DANIEL TEIXEIRA/ESTADAO
DANIEL TEIXEIRA/ESTADAO

Depois de reclamações, prefeitura adia prazo de inscrições para Lei Aldir Blanc

Com as dificuldades apontadas pelo setor para conseguir cumprir o prazo considerado curto e preencher os formulários, secretário de Cultura Hugo Possolo anuncia, em entrevista ao 'Estado', prorrogação das datas para o uso da Lei Emergencial

Julio Maria, O Estado de S.Paulo

07 de outubro de 2020 | 16h36

A Secretaria de Cultura do Município de São Paulo decidiu prorrogar o prazo de inscrições para as pessoas que precisam usufruir dos benefícios de ajuda ao setor cultural via Lei Aldir Blanc. O credenciamento para os editais de premiação voltados para coletivos, profissionais técnicos, artistas e produtores que movimentam o setor cultural ( inciso III da lei emergencial), que antes terminaria na sexta, foi prorrogado para terminar no próximo dia 13. E as pessoas que tentarem contar com o benefício estatal para subsidiar espaços e territórios culturais  interrompidos pela pandemia (referentes ao inciso II) terão até o dia 16 para fazerem suas inscrições.

A Secretaria está cadastrando, via plataforma SP Cultura, espaços culturais, artísticos, coletivos, organizações culturais comunitárias e cooperativas que tiveram suas atividades paralisadas desde o dia 30 de setembro. O subsídio para a manutenção de territórios culturais têm uma premiação que varia entre R$ 3 mil e R$ 10 mil.  Já os editais de premiação do inciso III, são destinados ao fomento da classe artística, contam com vários módulos e valores respectivos que chegam a até R$ 150 mil.

O secretário de Cultura, Hugo Possolo, concorda com reclamações do setor cultural que apontam o tempo curto para a inscrição original. Ele disse que o processo, uma Lei Federal, "levou um mês e meio parado em Brasília" até que o presidente Jair Bolsonaro soltasse a regulamentação, "que também saiu cheia de buracracias". “Ainda assim, a prefeitura de São Paulo criou um grupo de trabalho para tentar fazer tudo andar rápido.” Por lei, o prazo para a execução de todo o projeto é de 60 dias.

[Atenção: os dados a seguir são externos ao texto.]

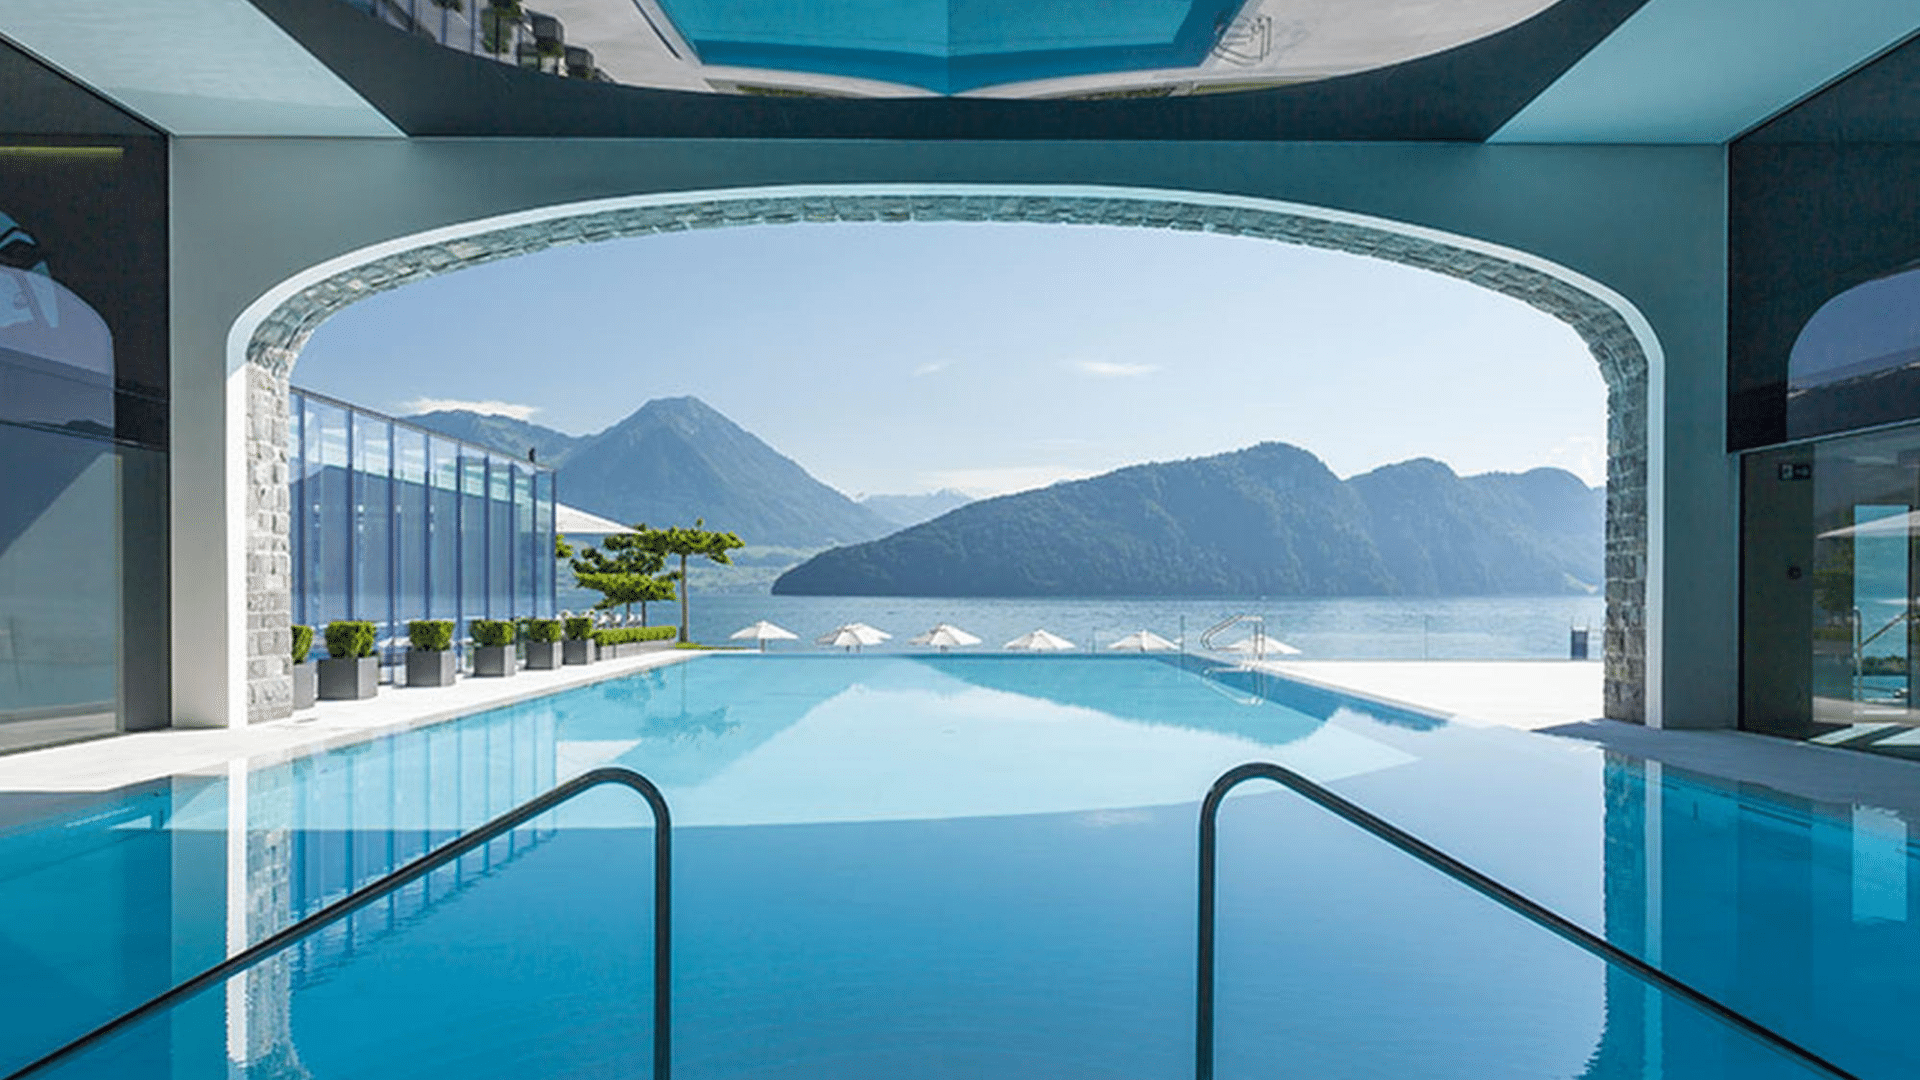 Offre estivale - nos meilleures offres d’hôtels de luxe en Suisse en août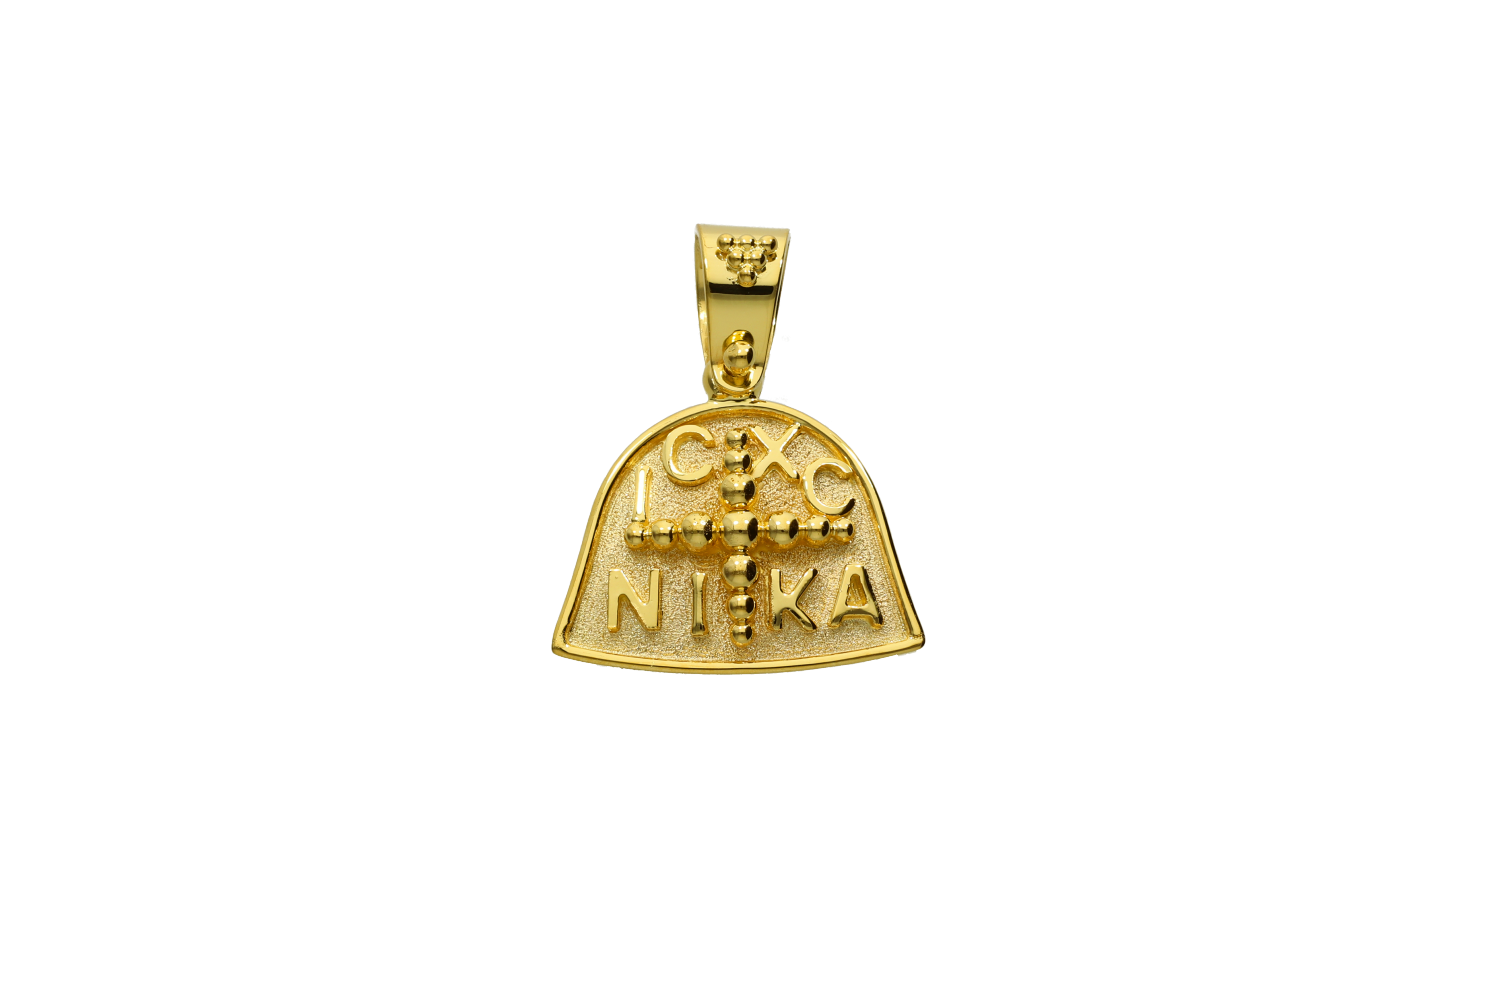 Κωνσταντινάτο σε χρυσό 18Κ μοντέρνο σχέδιο ματ με κοκκίδωση IC NIKA

Com relação às dificuldades para se concluir as inscrições, uma outra reclamação de parte da classe artística, Possolo diz que há ferramentas para ajuda. “Temos o telefone 156 e um vídeo feito para orientar a navegação. Não se trata de um processo burocrático.” Se há riscos de o município devolver um dinheiro ao Governo Federal por não conseguir usá-lo por baixo número de inscritos? Ele diz que, pelo monitoramento que esta sendo feito, tudo leva a crer que os quadros serão atendidos dentro da verba disponível. “Vamos torcer para conseguir (fazer a distribuição). Sei bem como é precisar de dinheiro para viver de arte.”